How to harness the hashtag

How to harness the hashtag

The humble hashtag has found its way into our dictionaries. We are a culture of memes, selfies, and gifs. These are the identifiers of our time. Social media marketing is hot and getting hotter right now. Of course, we all know of the benefits: constant communication with consumers, emphasis on sharing, integration with wider media, and the simple persuasive power of word of mouth marketing. These are just a handful of reasons as to why many brands are investing heavily in the social scene. But are brands really managing to make an impact?

Whilst hashtags have proved to be valuable assets to marketers, according to a recent insight penned by advertising agency Fold7, you should avoid just throwing in a hashtag and calling your campaign social. Brands need to first establish what their purpose is, and how they want audiences to interact with it. Fold7 examined how the rewards you reap directly correlate with the type of seeds you sow, so it is essential to decide in which direction you want to travel, before setting off on the journey. Whether the objective is to drive sales, attract new audiences, stimulate campaign awareness, build brand equity or ensure cross-platform marketing, social media marketing requires a clear directive, one with pre-planning and forethought, if it is to gain any type of traction.

BWP Group recently identified social media as the perfect channel for Magnitone in a bid to elevate its status as a premium beauty brand. With a celebrity endorsement from singer songwriter Pixie Lott, and her recent participation in BBC’s Strictly Come Dancing, they utilised her social team to initiate conversations with consumers at key moments during the show, providing advice about cosmetics, in a bid to achieve long-term engagement and interaction.  Initial results included over 3,600 new qualified followers across Facebook and Twitter in the first three months.

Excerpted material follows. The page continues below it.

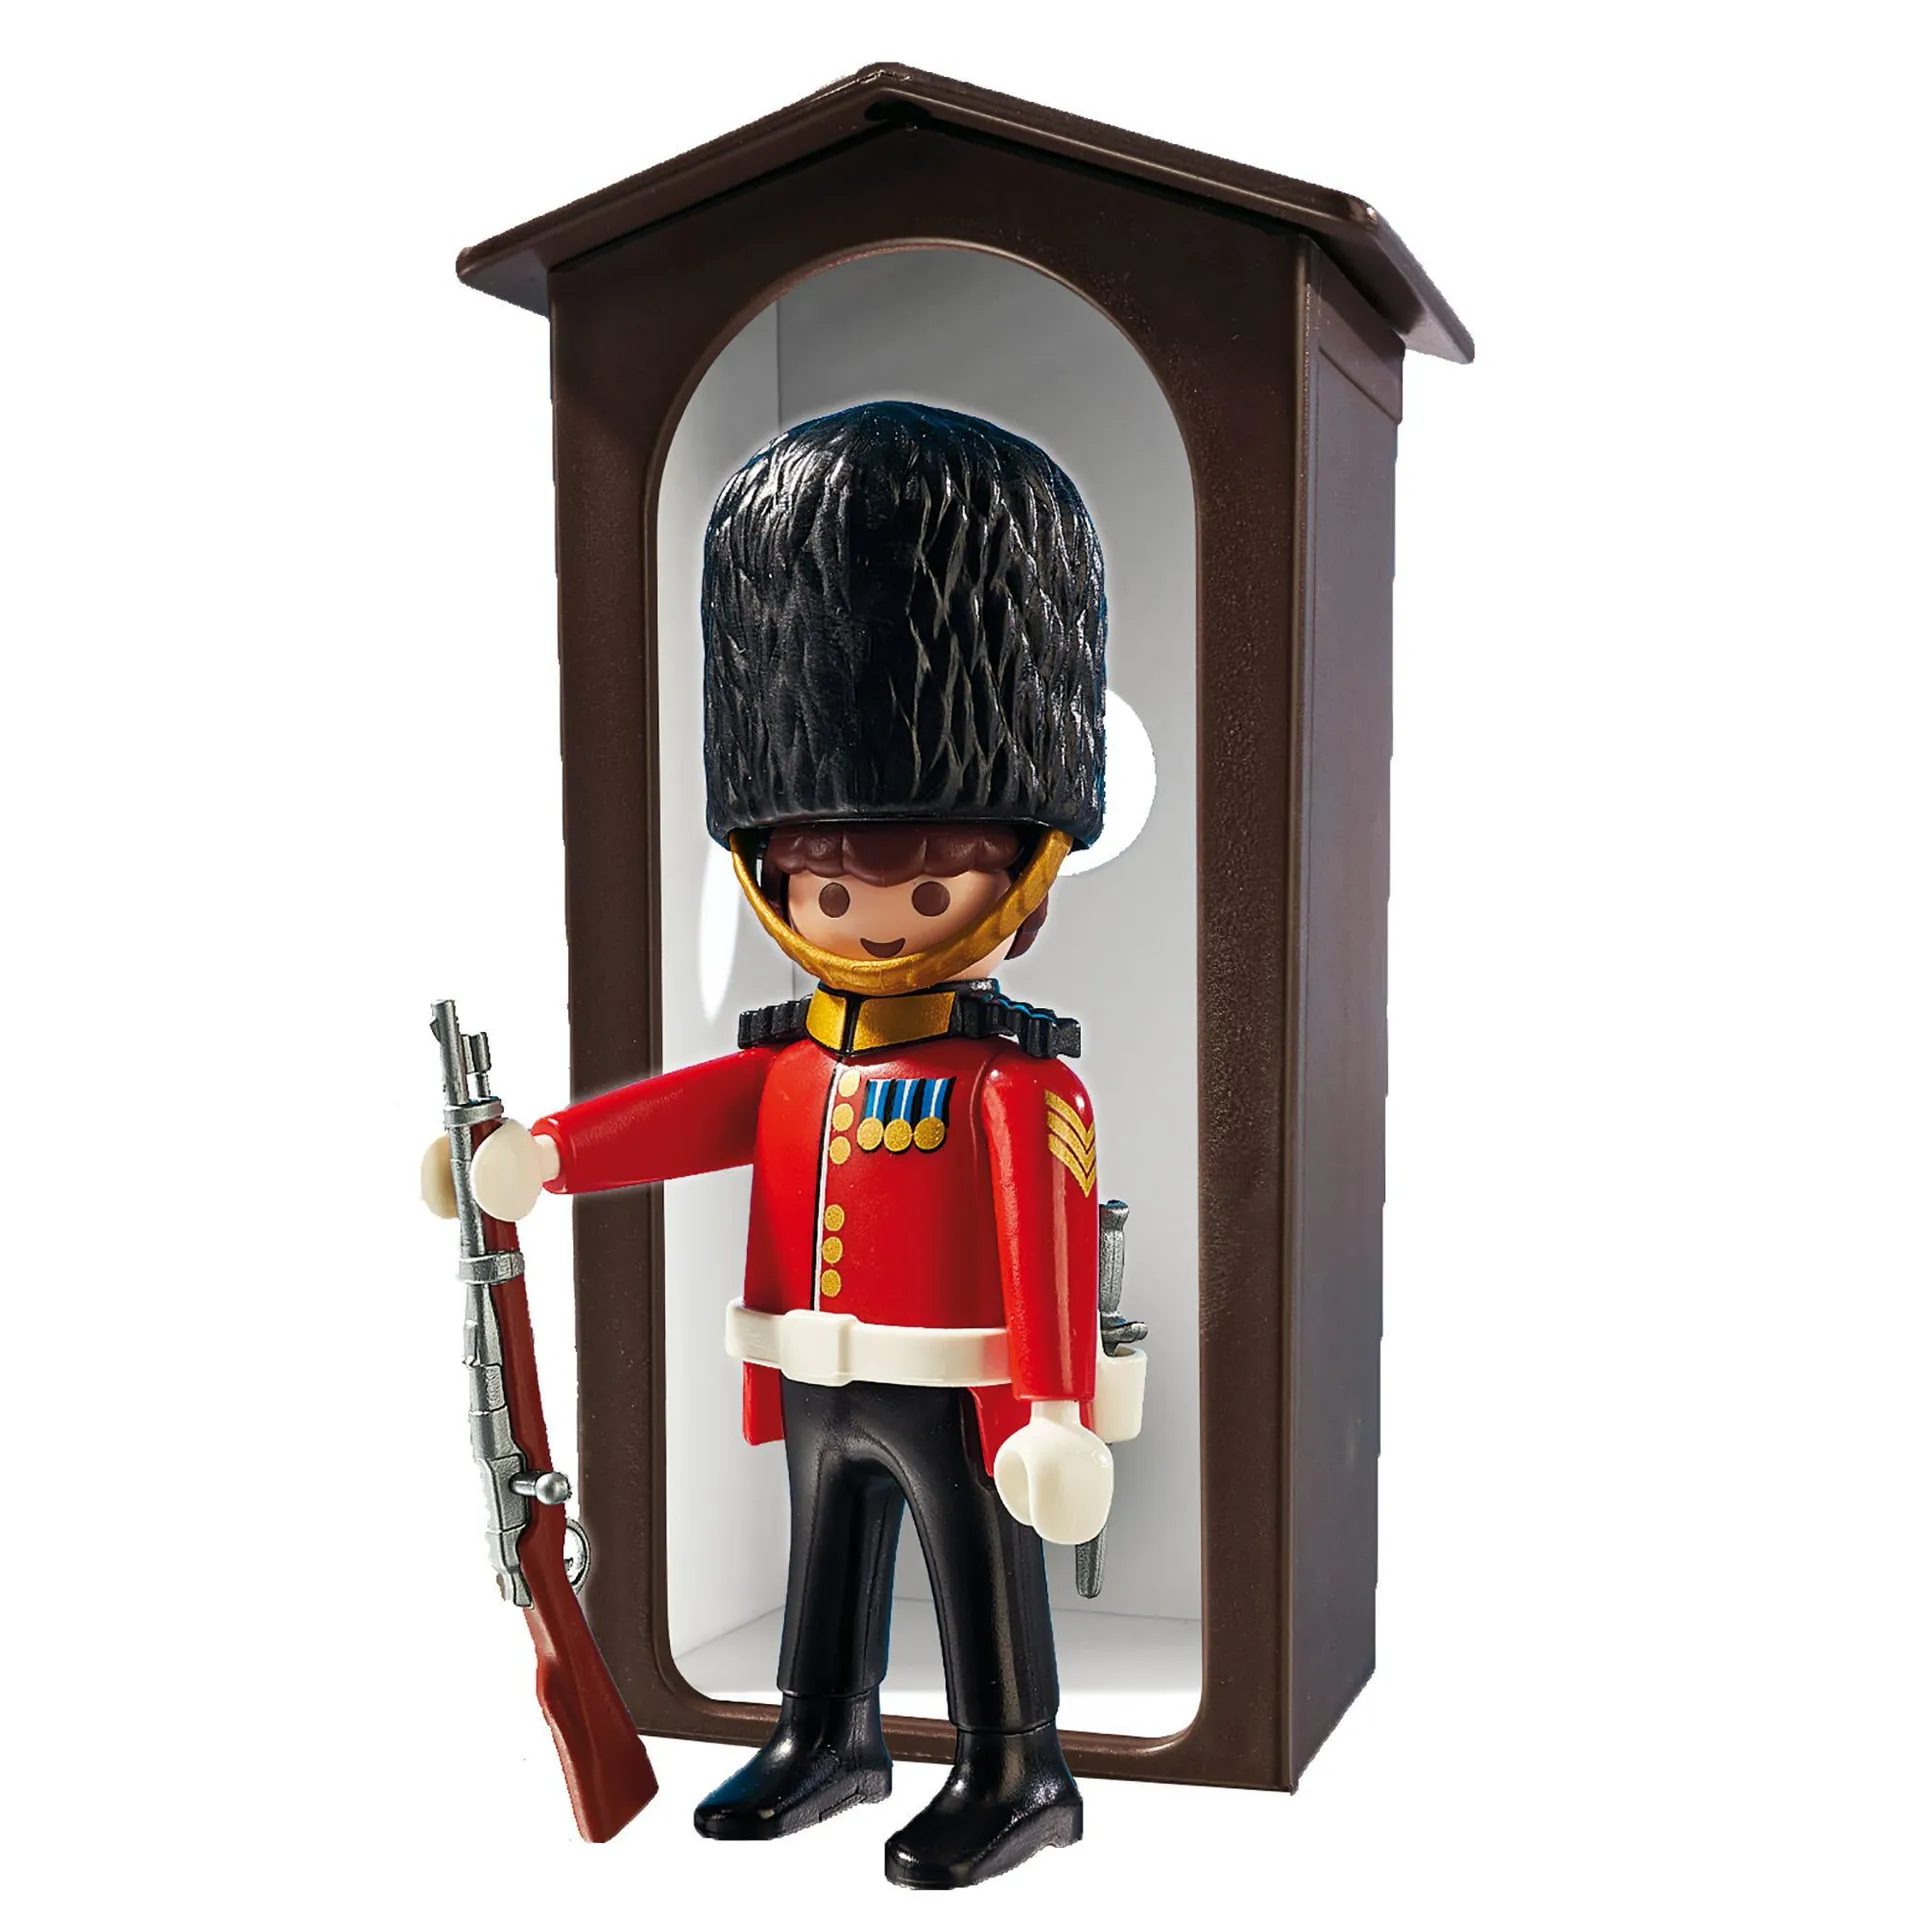 Playmobil Royal Guard With Sentry Box 9050

M&C Saatchi believe that the question of what type of social strategy is suitable for you is given undue prominence, and that the real decision to make is a much greater one.  They argue that, in order to achieve success in the social sphere, you need to focus on understanding the relevant consumer behaviours and how your brand can relate to them. Ultimately, a hashtag is meaningless if no one wants to use it. This approach can take time, and it requires an understanding of the audience and its interests. As M&C Saatchi has said, ‘brands that have successfully used a hashtag as part of a campaign started with a great idea and then had the ability to execute it brilliantly.’ After all, ‘no one is talking to brands; people are talking to each other.’ Maybe the real key to social media marketing is understanding what part you play in such a conversation.

Perhaps the most elusive aspect of social media marketing is how difficult it is to measure ROI. Iris argues that ‘social delivers an inflated expectation compared to the reality of what it can achieve,’ and with most marketers still dependent on soft metrics as a way of judging impact, it is no wonder that people have doubts. Iris states that ‘long-term brand growth is the real measure of social impact’ and ironically, it seems, in order to keep up with the fast-paced world of social media, you need to slow down and take your time. You need to ‘value the long game’ and ‘earn attention, rather than just buying it.’ And that’s just the beginning.

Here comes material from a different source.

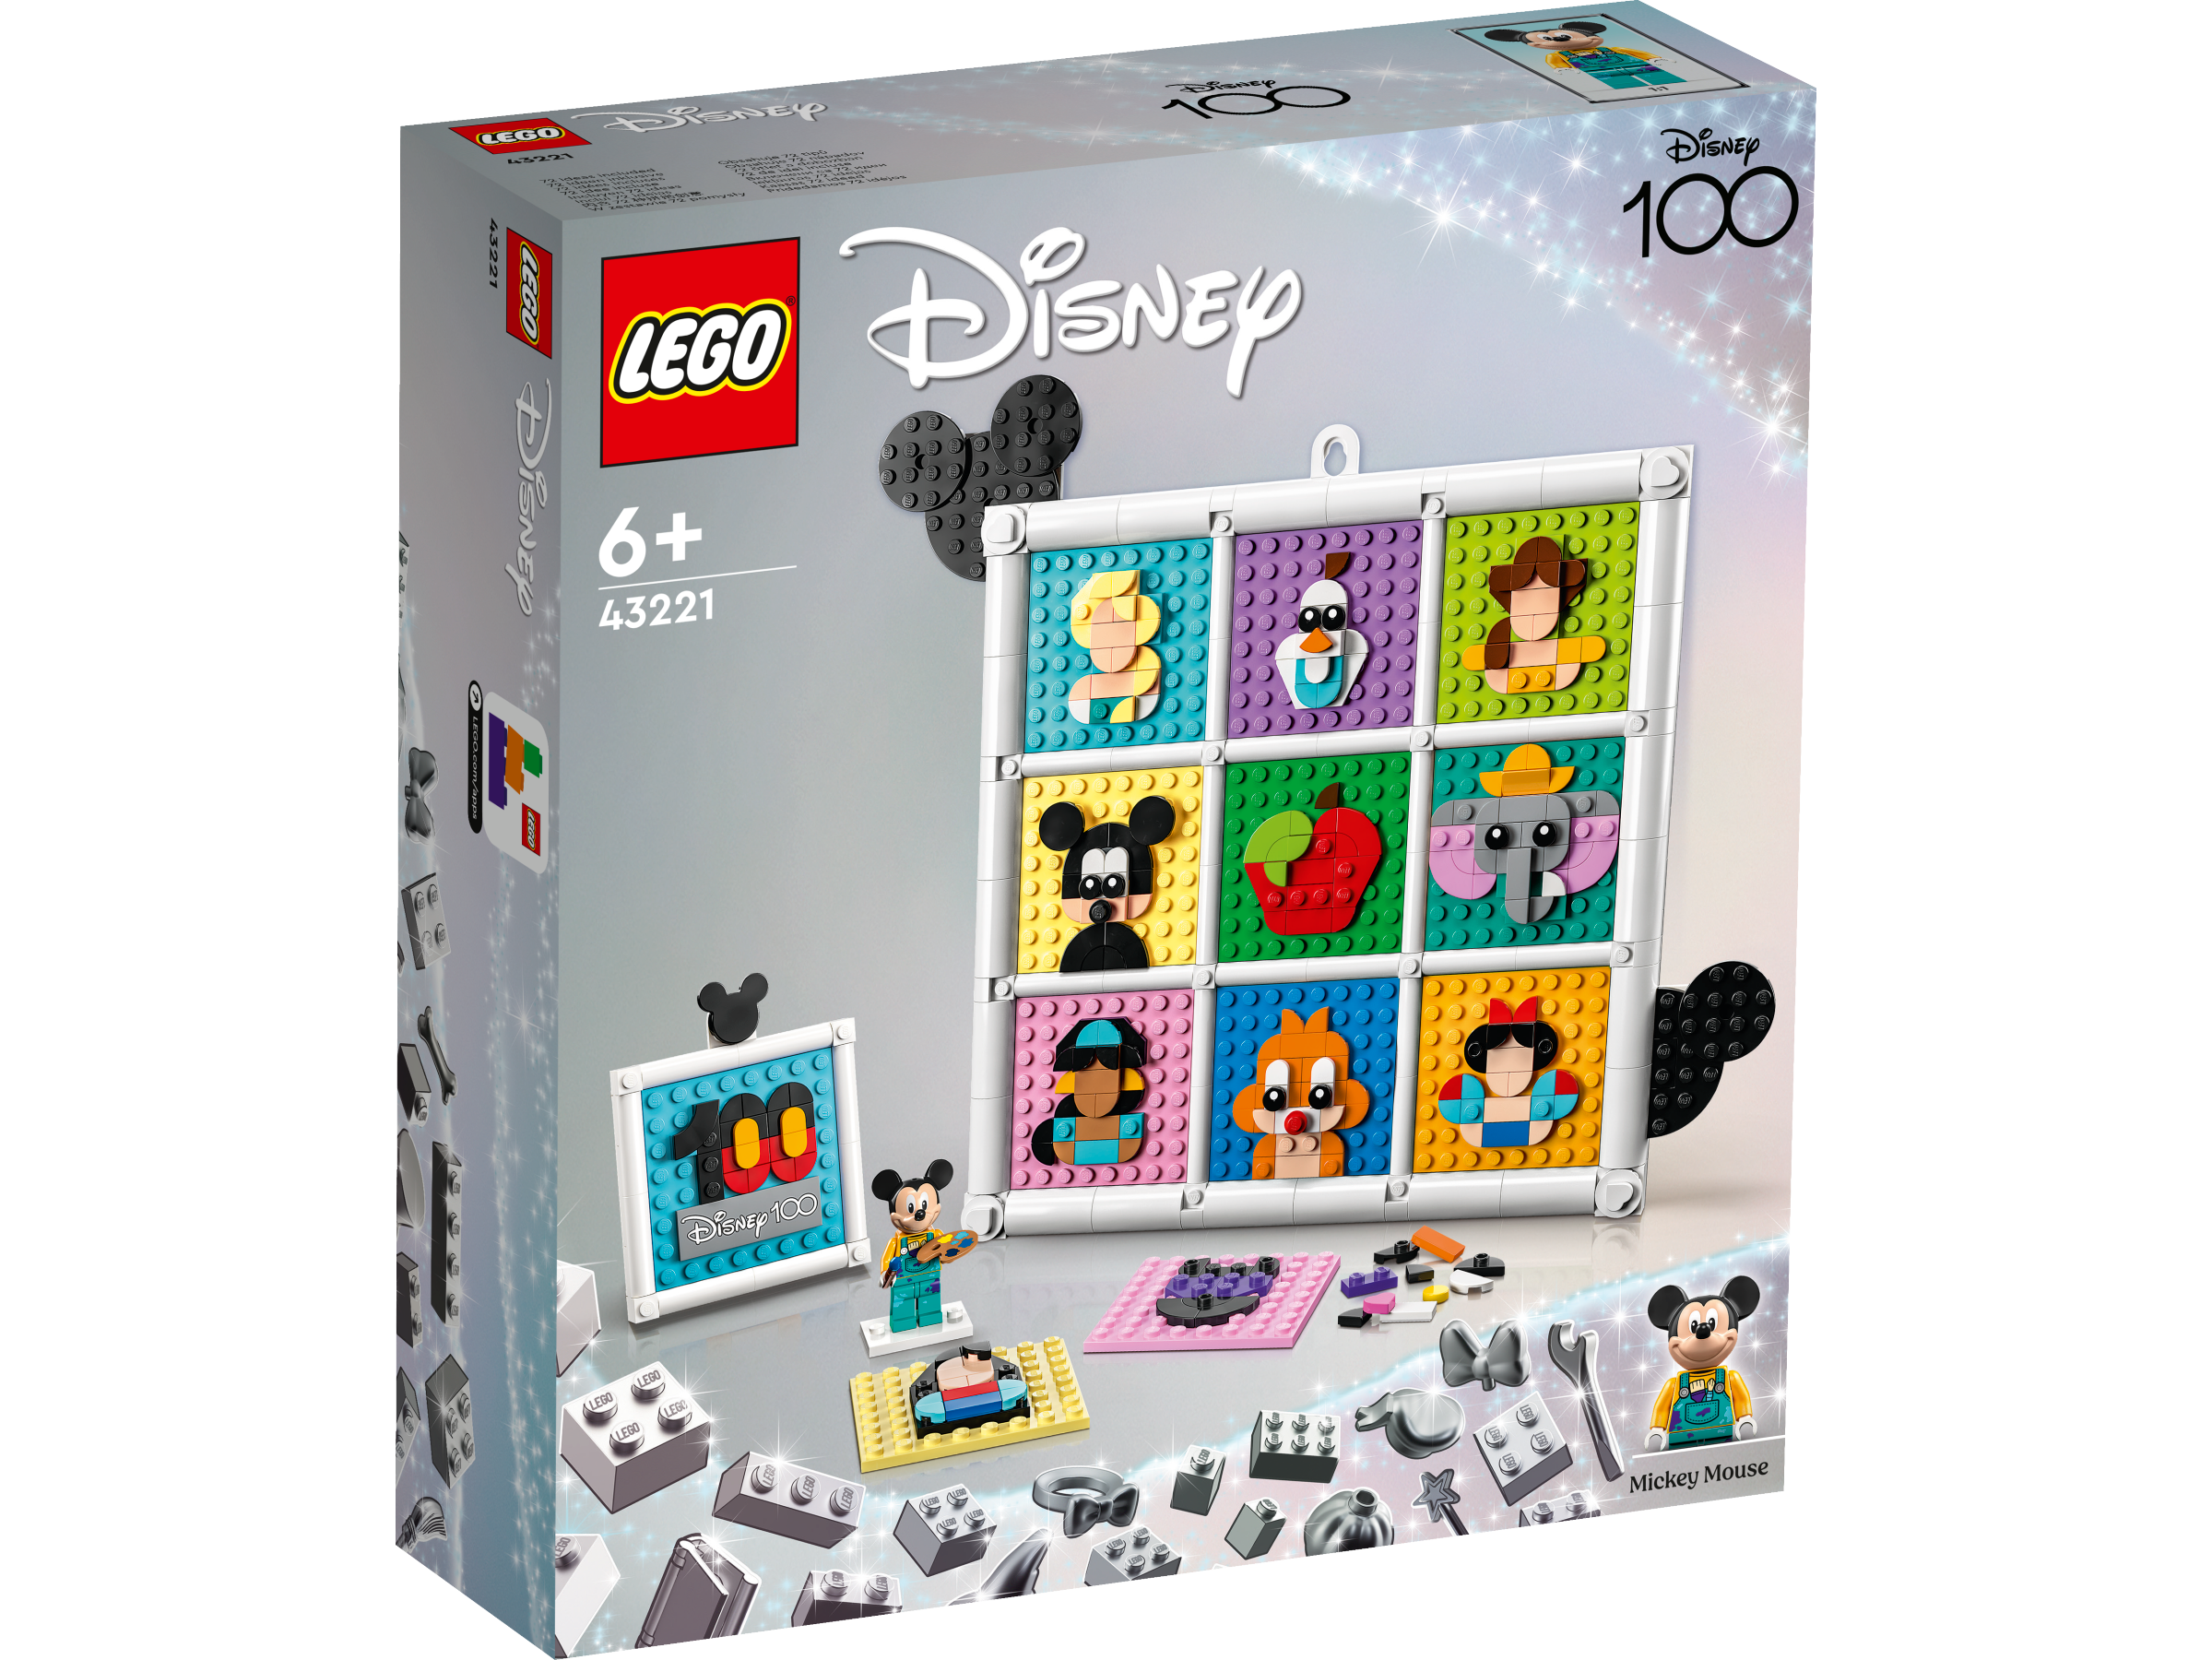 Lego 43221 100 Years of Disney Animation

Sometimes the frivolous and fickle nature of social networking makes everything look easy. It is tempting just to stick a hashtag at the end of a tweet, and see what happens. However, it is clear from current campaigns and agency insights that the secret to success is not taking any shortcuts. In a world where abbreviations are used to speed up conversations, communications still need to be as rigorously planned as ever. Ultimately, it comes down to the old cliché: you get out of it what you put in. And, if you want people to sit up and listen, you need to make sure you say something worth hearing.